» **Task goal**
Find the word "Fresh" in the data, then copy each line where it is found.

Stored entries:
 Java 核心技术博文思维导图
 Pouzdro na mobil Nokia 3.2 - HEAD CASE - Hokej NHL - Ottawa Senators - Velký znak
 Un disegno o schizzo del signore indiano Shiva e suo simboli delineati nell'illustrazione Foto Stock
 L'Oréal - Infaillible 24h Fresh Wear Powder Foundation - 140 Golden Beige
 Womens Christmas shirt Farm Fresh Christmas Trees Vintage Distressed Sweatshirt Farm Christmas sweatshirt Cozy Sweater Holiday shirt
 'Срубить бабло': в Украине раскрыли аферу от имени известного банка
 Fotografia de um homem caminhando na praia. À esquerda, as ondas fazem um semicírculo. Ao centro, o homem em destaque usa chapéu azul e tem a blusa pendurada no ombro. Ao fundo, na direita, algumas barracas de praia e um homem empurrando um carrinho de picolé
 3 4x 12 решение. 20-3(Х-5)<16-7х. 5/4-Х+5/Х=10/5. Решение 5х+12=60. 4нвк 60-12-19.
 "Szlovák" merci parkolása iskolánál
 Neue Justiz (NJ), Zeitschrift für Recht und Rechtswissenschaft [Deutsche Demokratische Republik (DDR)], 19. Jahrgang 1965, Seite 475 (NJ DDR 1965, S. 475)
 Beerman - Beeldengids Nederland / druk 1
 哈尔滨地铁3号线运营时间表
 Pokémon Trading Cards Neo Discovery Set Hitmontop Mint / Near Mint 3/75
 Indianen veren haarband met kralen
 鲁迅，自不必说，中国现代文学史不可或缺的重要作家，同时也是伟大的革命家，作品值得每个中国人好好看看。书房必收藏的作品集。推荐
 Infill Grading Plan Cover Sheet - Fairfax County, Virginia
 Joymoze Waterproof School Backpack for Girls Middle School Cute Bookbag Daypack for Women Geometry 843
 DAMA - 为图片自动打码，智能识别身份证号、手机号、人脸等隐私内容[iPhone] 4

» **Response**
 L'Oréal - Infaillible 24h Fresh Wear Powder Foundation - 140 Golden Beige
 Womens Christmas shirt Farm Fresh Christmas Trees Vintage Distressed Sweatshirt Farm Christmas sweatshirt Cozy Sweater Holiday shirt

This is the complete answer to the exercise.